In some cases, machine learning models may use an input of a given size in order to produce an output. For example, a machine learning model may perform operations on a fixed number of samples captured over a period of time, such as a number of audio samples over an amount of time corresponding to a number of words spoken by a user (assuming, for example, an average tempo at which users speak, which may differ for users speaking different languages), a number of video frames over an amount of time sufficient to detect motion in a scene, or the like. Because machine learning models may wait for a sufficient amount of data in order to generate an output from this data, latencies may be introduced between the time at which a machine learning model receives streaming, or time-series, data for processing and the time at which the machine learning model has a sufficient amount of data to process. Further, inefficiencies may be introduced from processing overlapping data in different sets of streaming data, such as different data sets with elements that overlap in the time domain (e.g., are present in multiple time windows).
Accordingly, techniques are needed for efficient processing of streaming data using machine learning models.
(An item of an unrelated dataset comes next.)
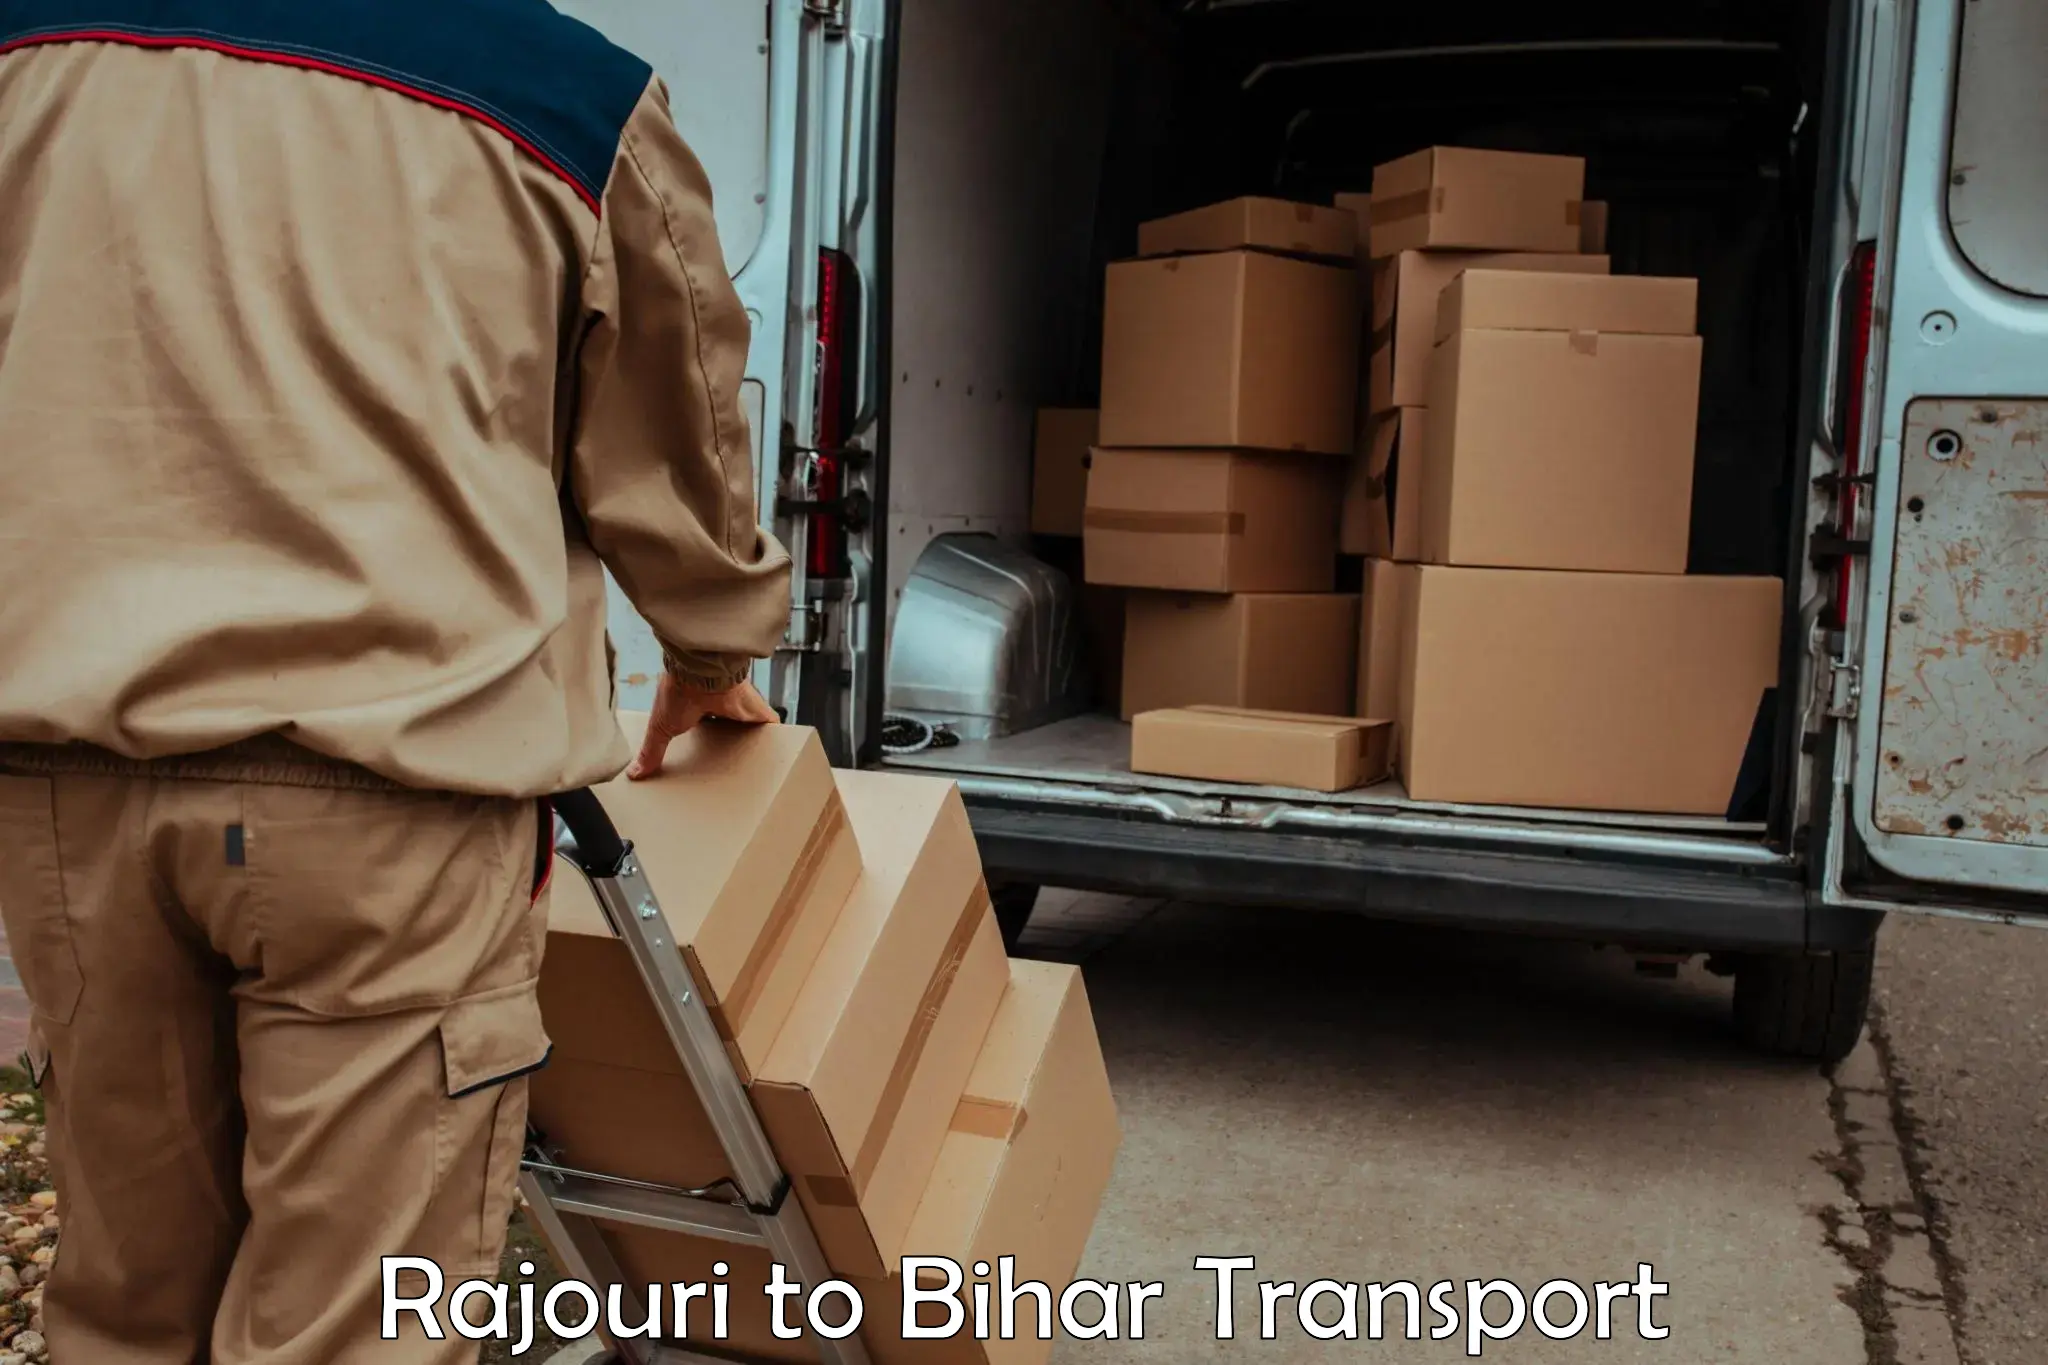 Goods delivery service Rajouri to Darbhanga
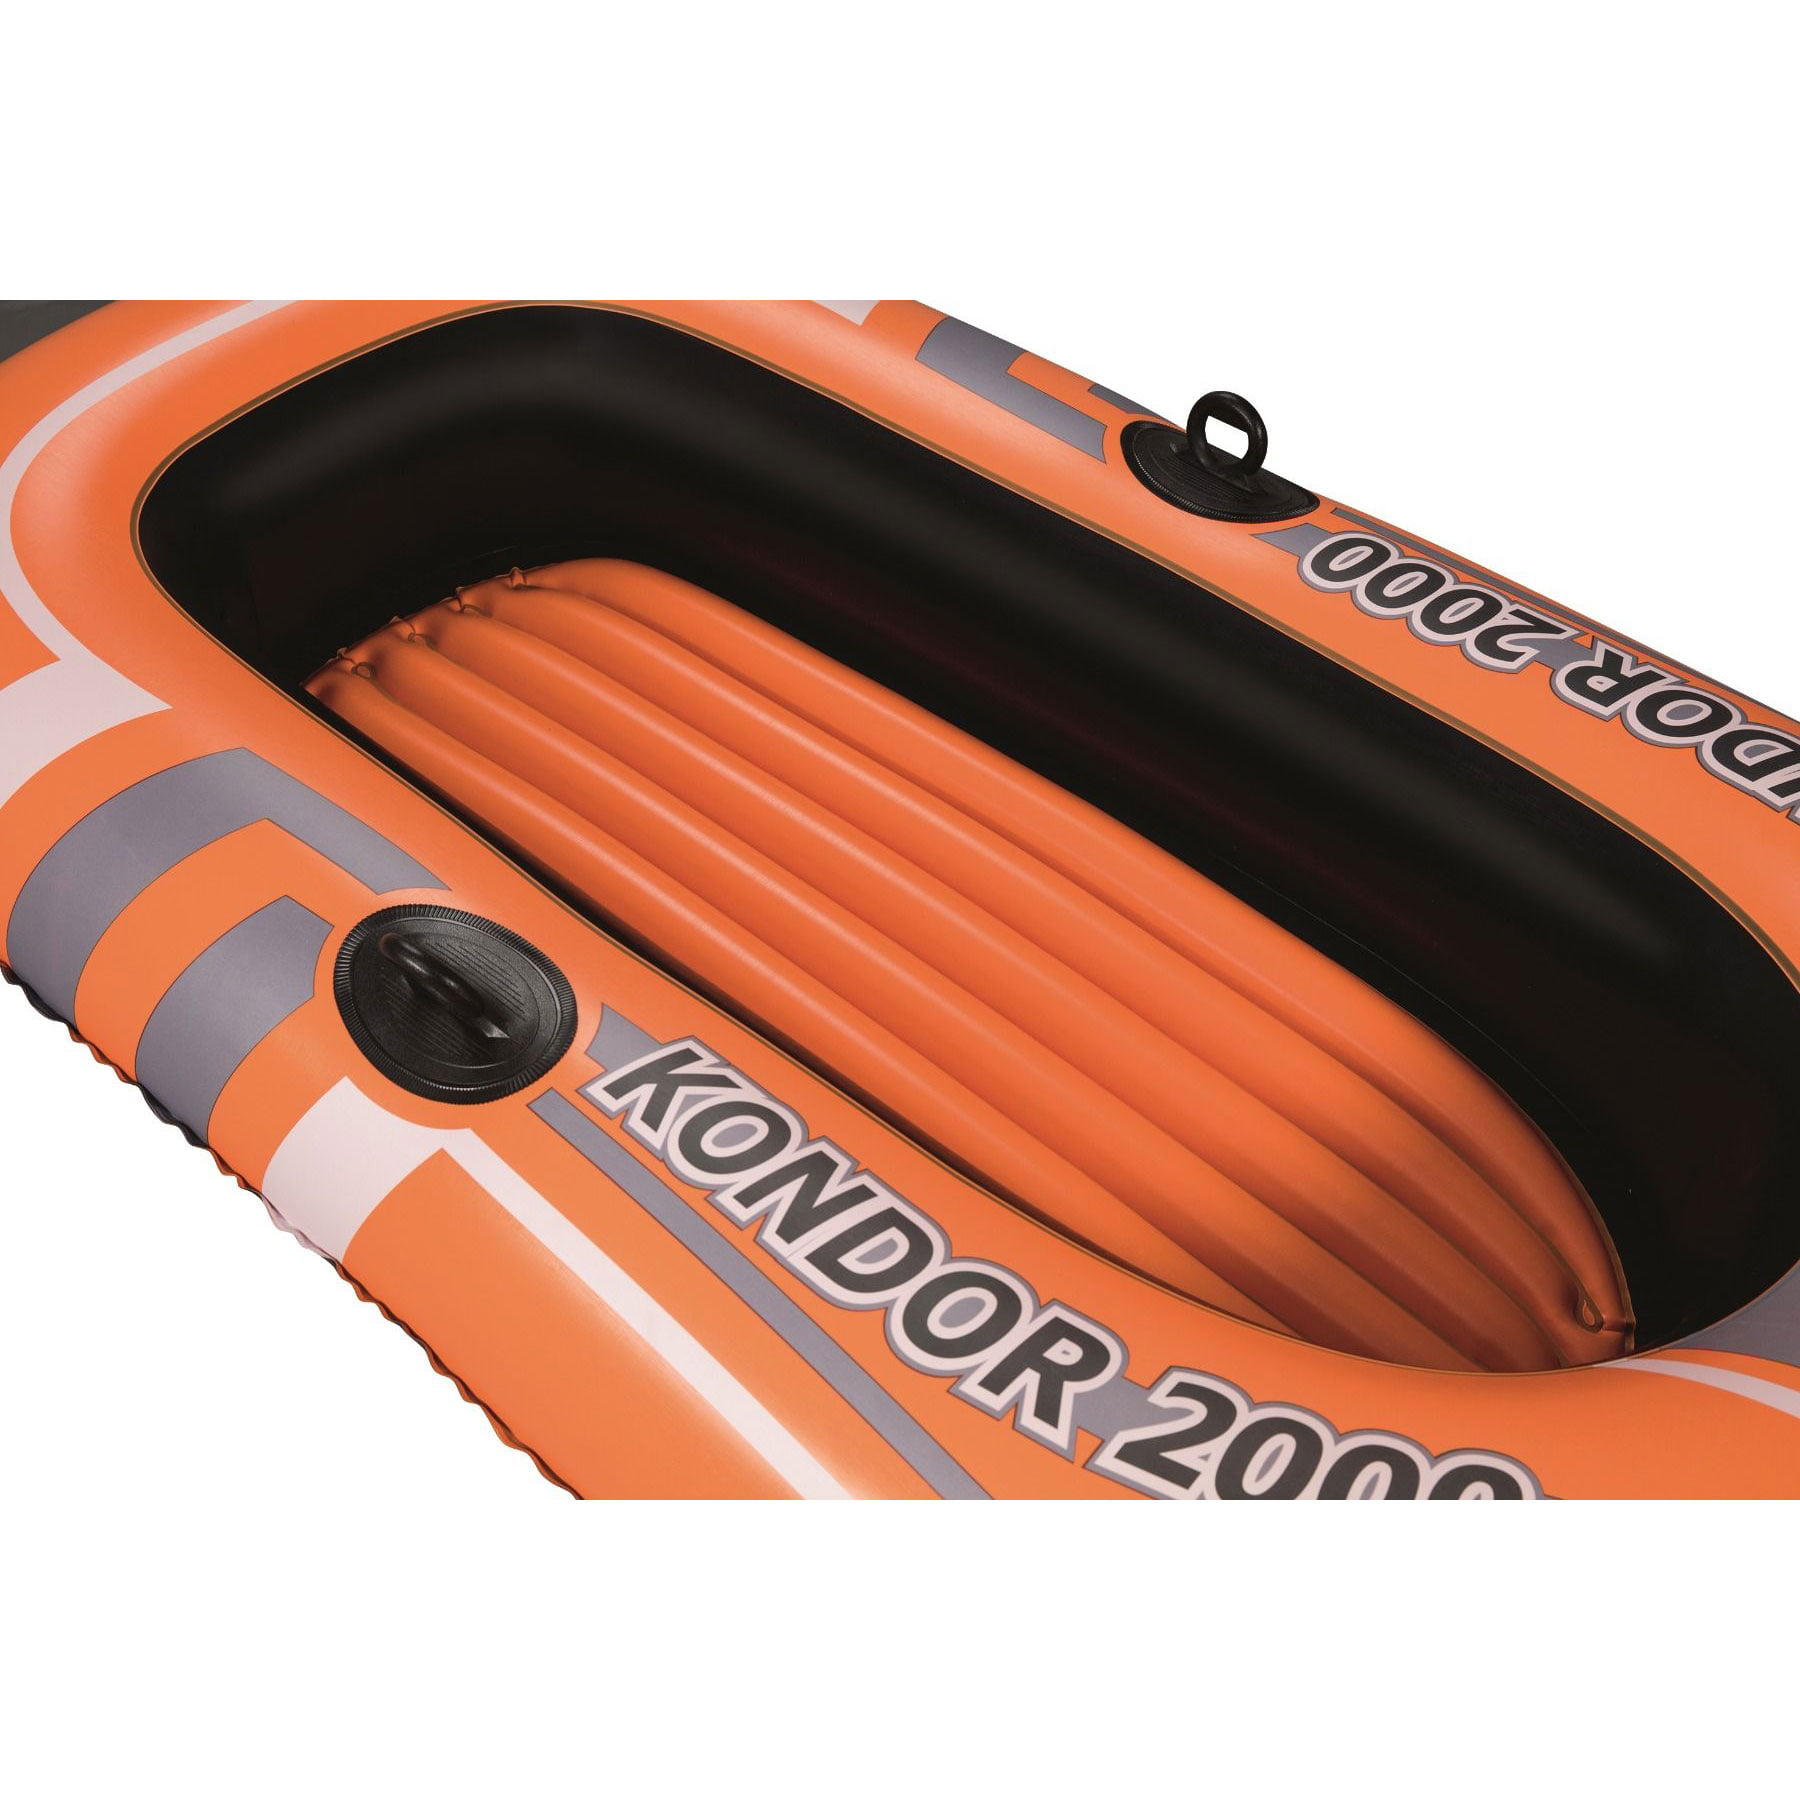 Bateau gonflable Raft Kondor 2000 - Bestway

Certain aspects provide a method for processing streaming data using machine learning models. An example method generally includes generating a first feature map for a first set of streaming data using a machine learning model. The first set of streaming data generally includes a first portion of a total set of data to be processed through the machine learning model. To generate the first feature map, one or more operations are performed on each respective item in the first set of streaming data, and the results of the one or more operations performed for each respective item in the first set of streaming data are combined into the first feature map. A second feature map is generated for a second set of streaming data using the machine learning model, the second set of streaming data comprising a second portion of the total set of data. A result of processing the total set of data through the machine learning model is generated based at least on a combination of the first feature map and the second feature map.
Other aspects provide processing systems configured to perform the aforementioned methods as well as those described herein; non-transitory, computer-readable media comprising instructions that, when executed by one or more processors of a processing system, cause the processing system to perform the aforementioned methods as well as those described herein; a computer program product embodied on a computer readable storage medium comprising code for performing the aforementioned methods as well as those further described herein; and a processing system comprising means for performing the aforementioned methods as well as those further described herein.
The following description and the related drawings set forth in detail certain illustrative features of one or more aspects.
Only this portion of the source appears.